For what it's worth I supported PSOE enthusiastically in Spain earlier this year: they might not be everything I want, but my God, Zapatero's no Blair and no Brown. They earned it. New Labour have gone out of their way to do the opposite. They made that choice.

At 3:01 pm , Blogger donpaskini said...

Both fair points (certainly Labour has a lot to learn from the PSOE).

Reading what you had to say about the 'inch of difference' argument, though, I do think you're coming from a rather different perspective than Monbiot (I don't think he would have voted for Zapatero).

It's in some ways analogous to the point you made a while back about many Decents and Trotskyists and the way that they debated and engaged with others.

Monbiot's attitude to government is generally based on an assumption of bad faith and betrayal, with little consideration of what is and isn't possible or constraints which constrain action, and some curious choices about what is considered as important and what isn't.

Sometimes that way of analysing comes to the right conclusion (same is true of Decents and Trotskyists), but I think it's still worth criticising.

At 3:35 pm , Blogger ejh said...

I do think you're coming from a rather different perspective than Monbiot

I probably am (actually I have very little idea what my perspective is these days) but that doesn't mean I disagree with him or that I think his perspective is particularly wrong.

I don't know if he'd have voted for Zapatero - he might have.

One thing about PSOE is, they have parties to the left, and for that matter regional parties, which whether you or I (or George) agree with them or not, have, I think, the virtue of keeping the left-of-centre party honest.
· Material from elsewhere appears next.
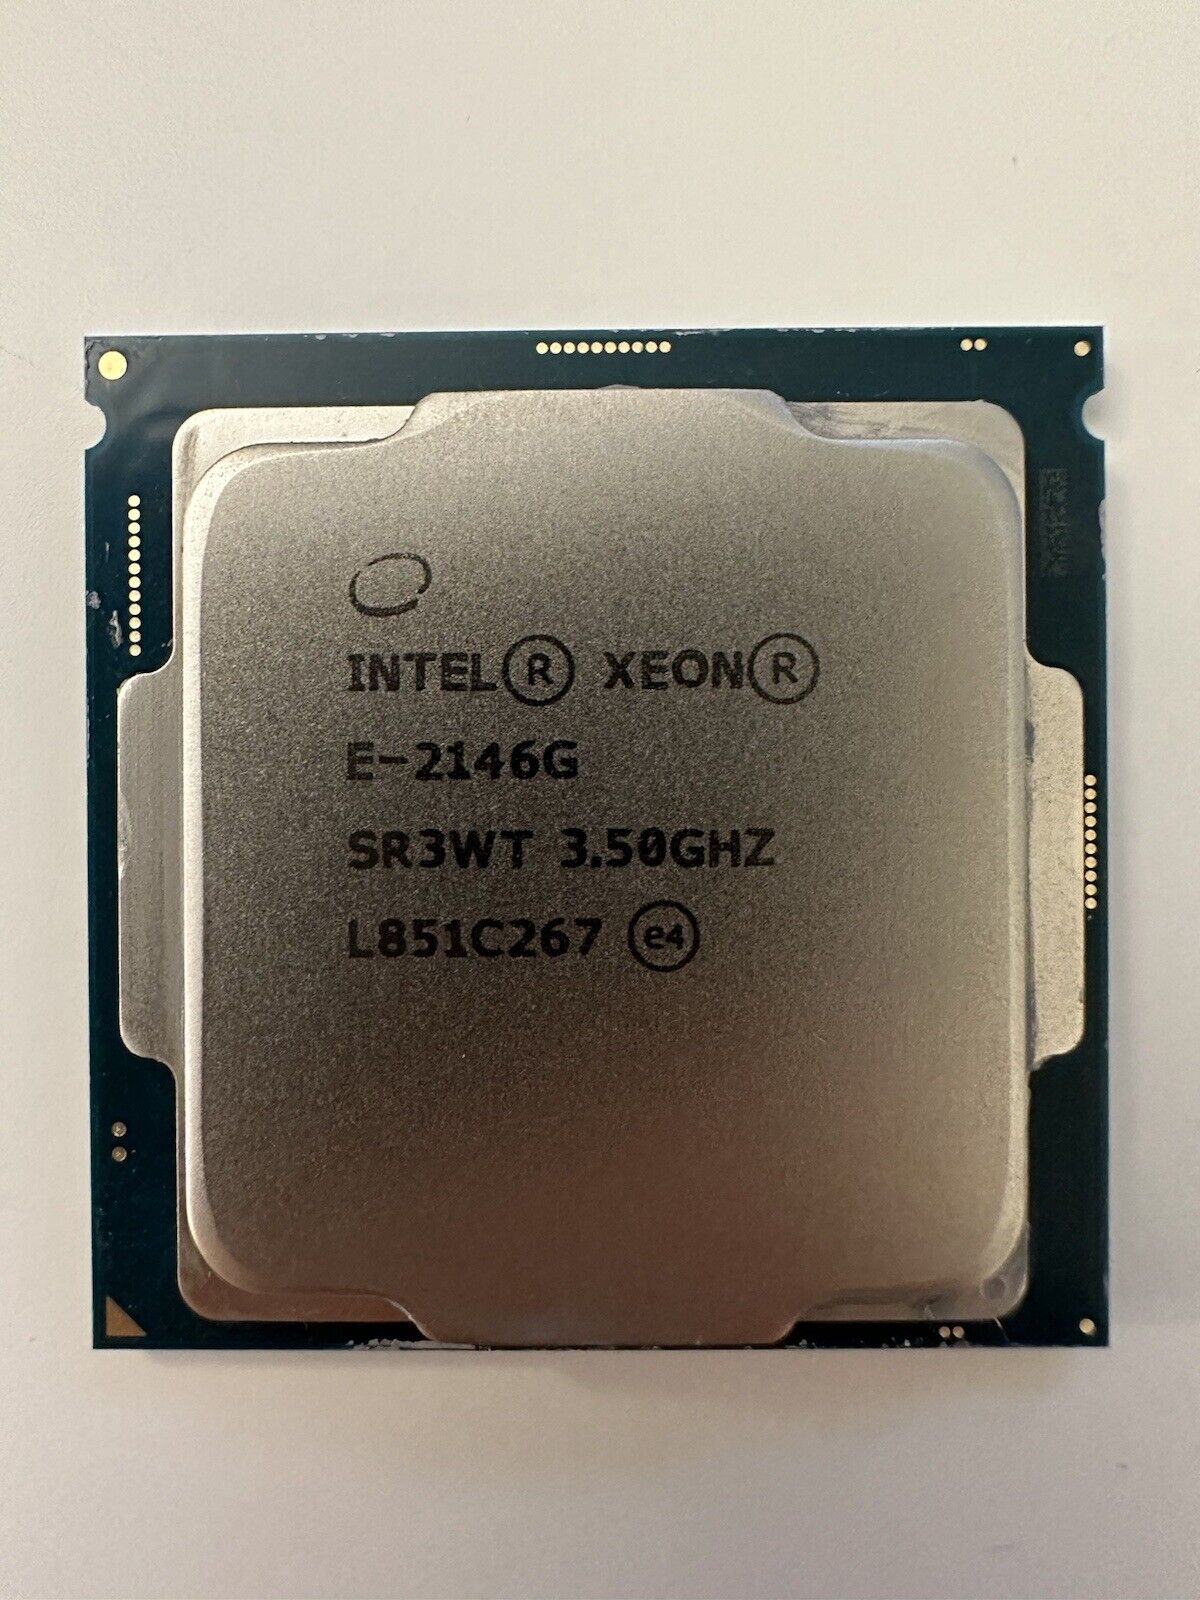 Intel Xeon E-2146G E2146G SR3WT 3.50GHz L851C267 e4 14nm 6-Cores Turbo 4.50GHz

If they go to far to the right, they lose large chunks of their electorate, or fail to attact large chunks of the left and regional parties' electorate, whichever way you want to look at it.

(The absence of PR used to mean this didn't happen so much in the UK. Now that support is haemorrhaging, it's going in all directions, but in a way the most signifcant may be a quite sizeable number of leftist-minded people, many of them young, who are unlikely to vote at all, but if they do, would never, ever vote Labour.)